Raw data.

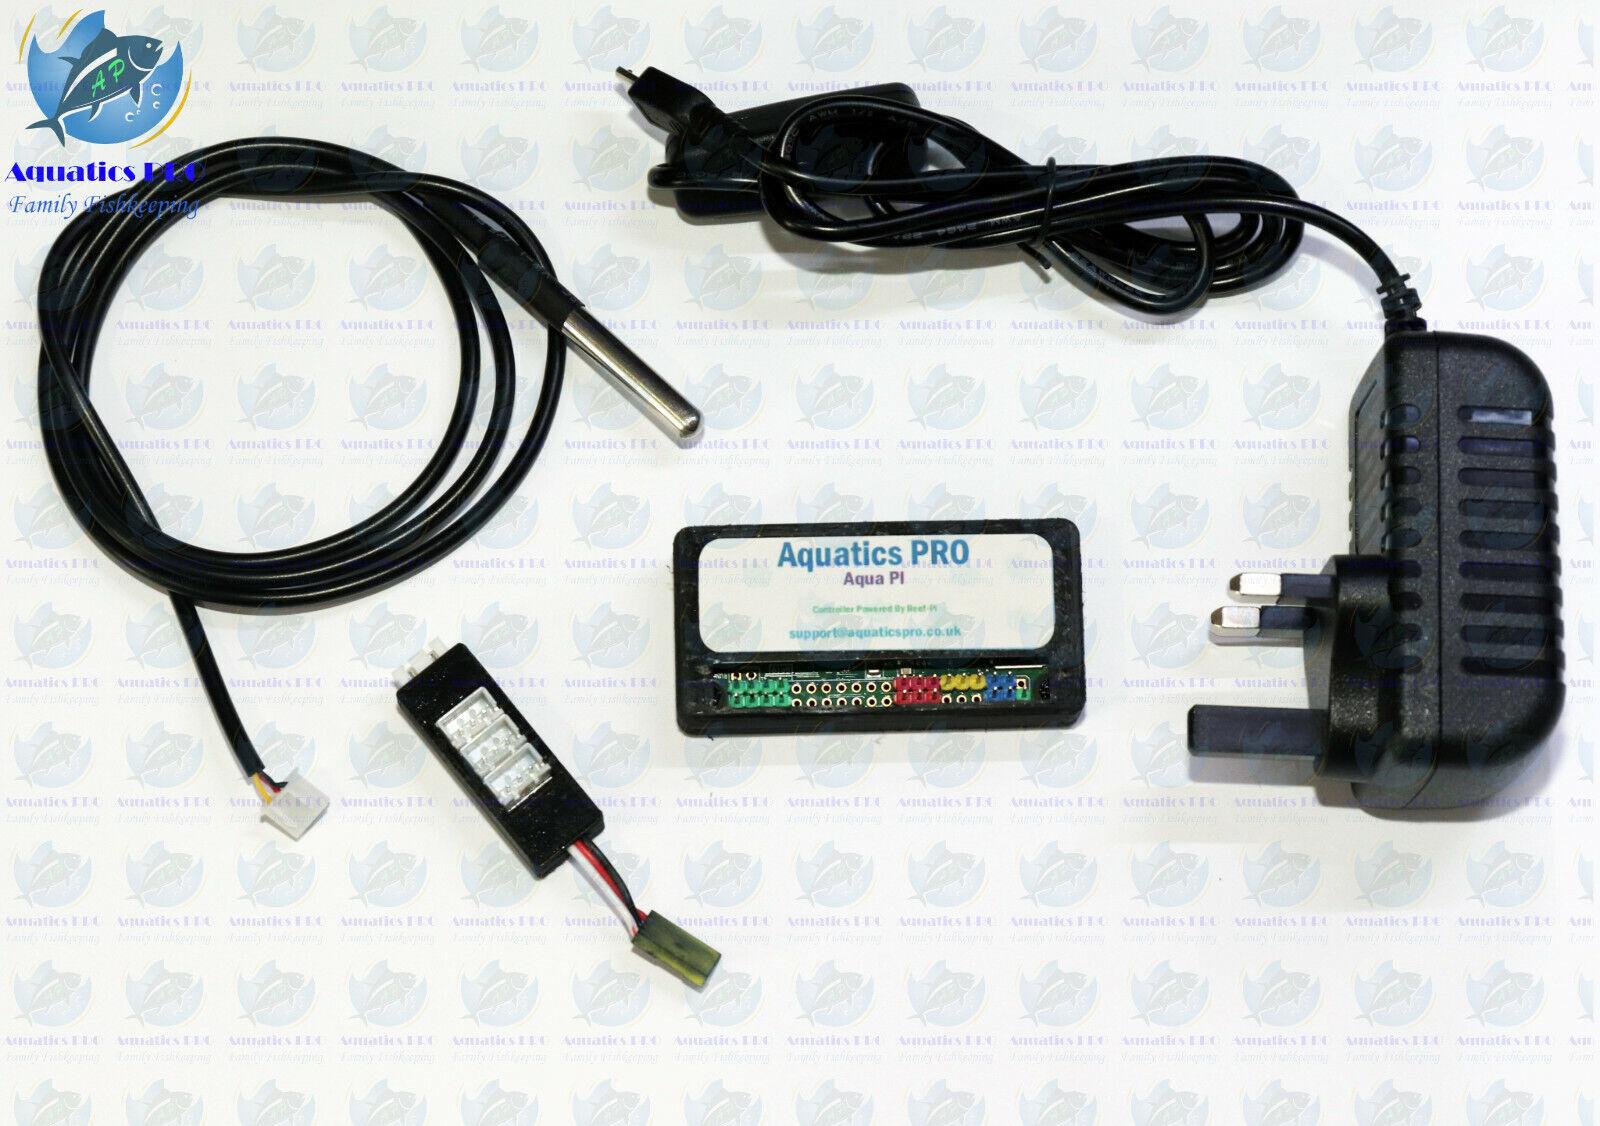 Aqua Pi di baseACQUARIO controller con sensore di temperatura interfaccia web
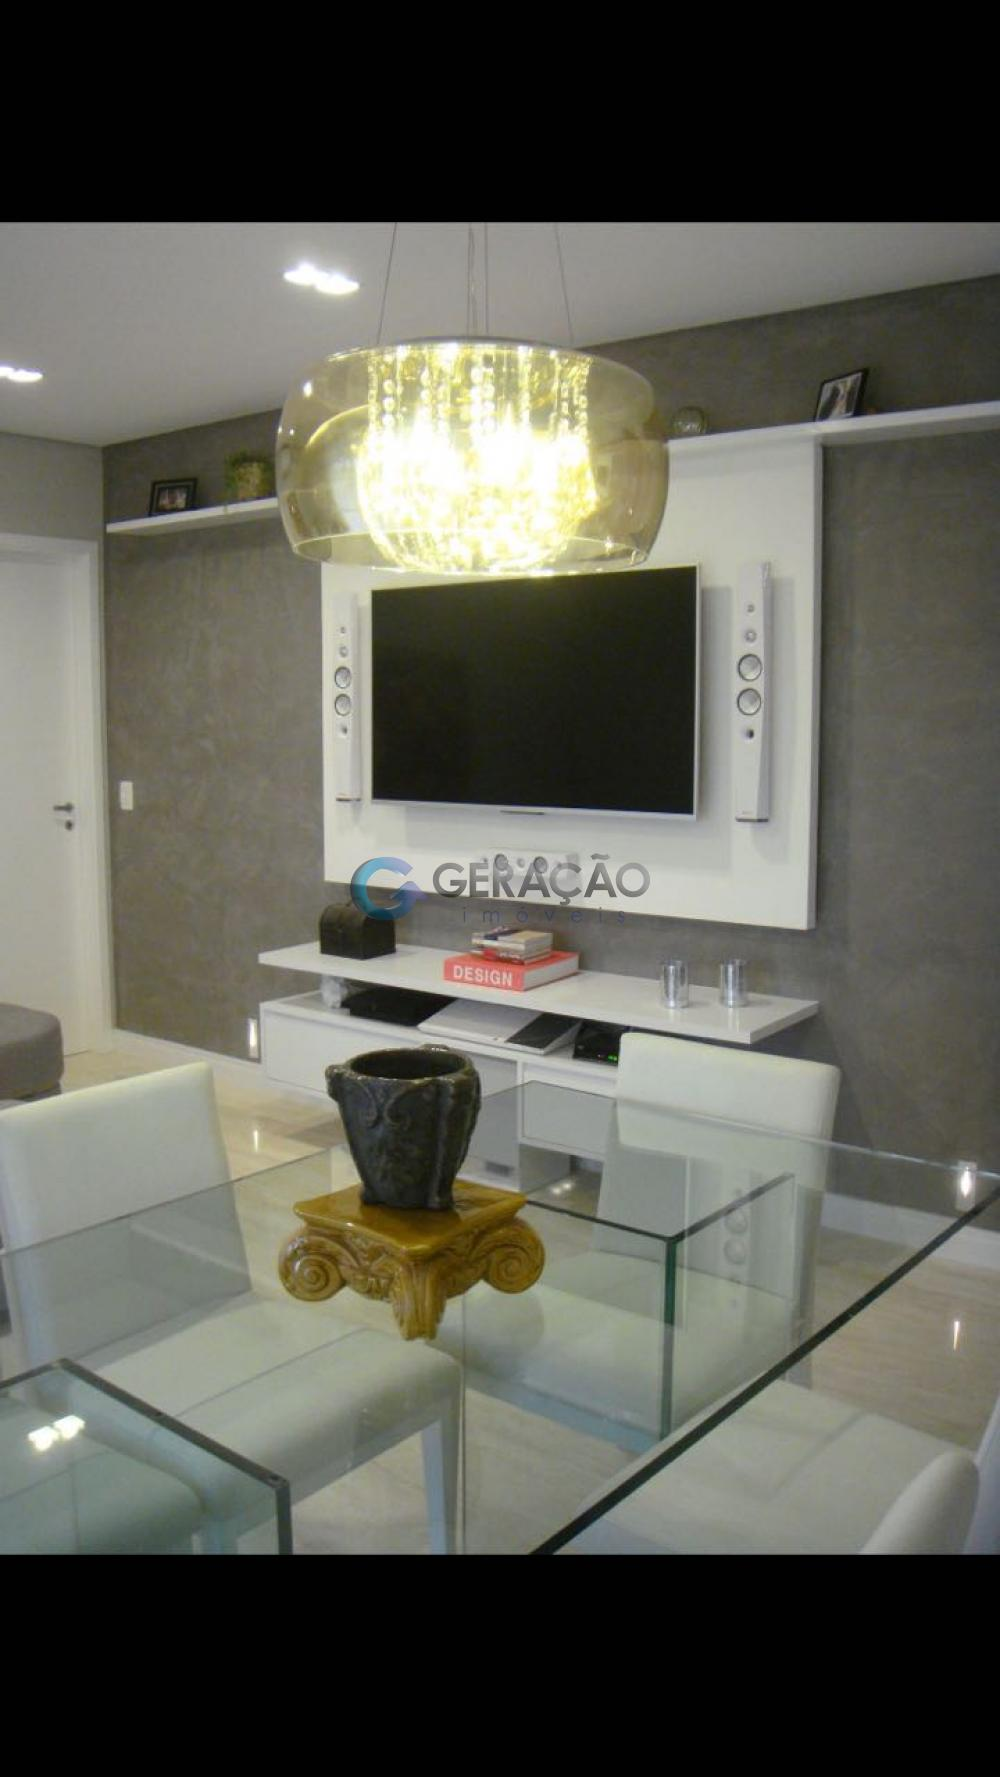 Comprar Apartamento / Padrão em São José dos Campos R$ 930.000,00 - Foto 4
* * *
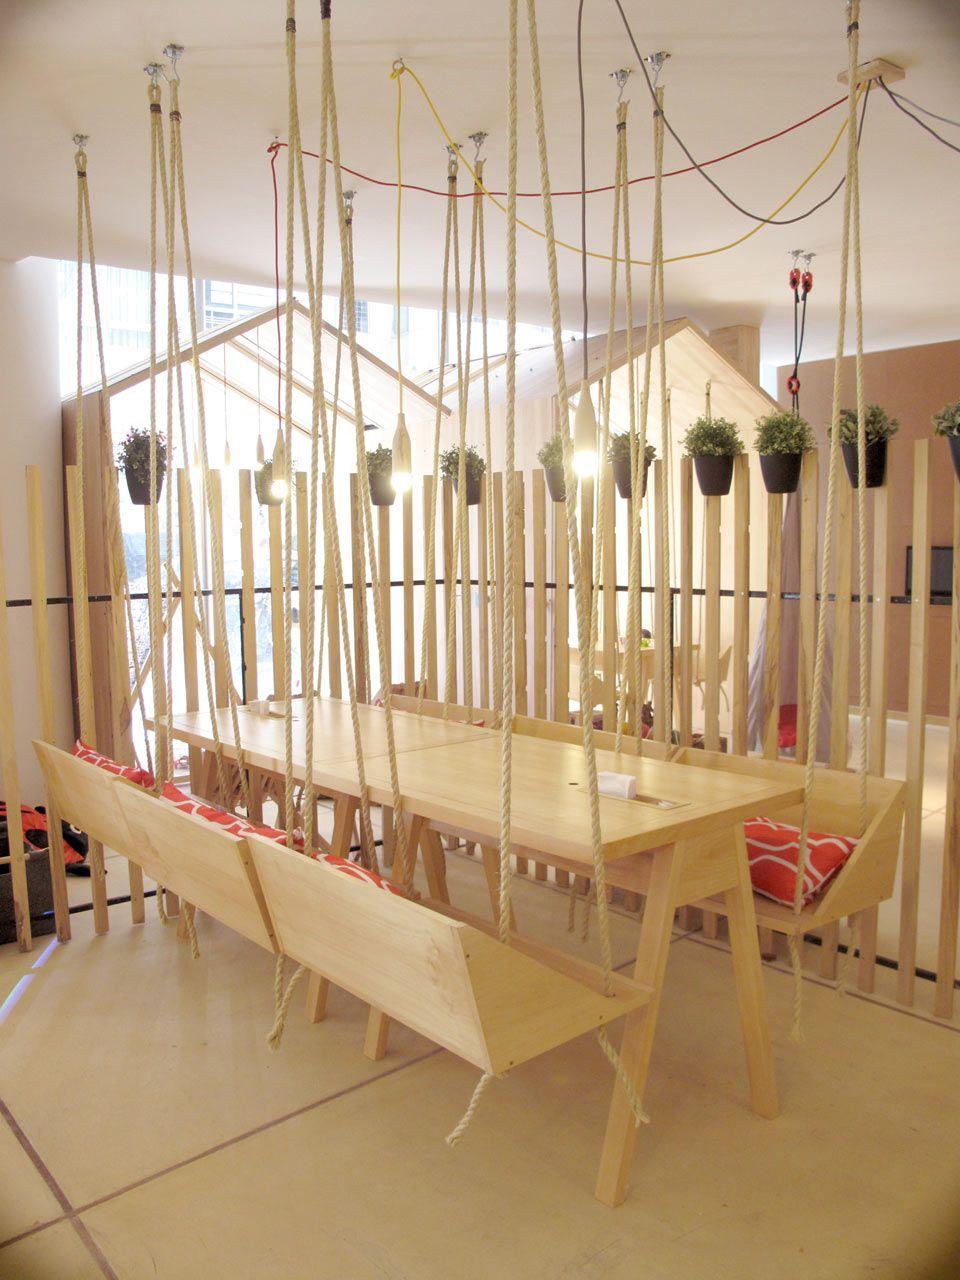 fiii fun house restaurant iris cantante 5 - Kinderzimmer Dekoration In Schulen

What you have to do. Starting with the line that contains "Aqua Pi di baseACQUARIO" and finishing with the line that contains "Comprar Apartamento /", reproduce every line of the material above exactly, but not the pictures.

Result of the exercise.
 Aqua Pi di baseACQUARIO controller con sensore di temperatura interfaccia web
 Comprar Apartamento / Padrão em São José dos Campos R$ 930.000,00 - Foto 4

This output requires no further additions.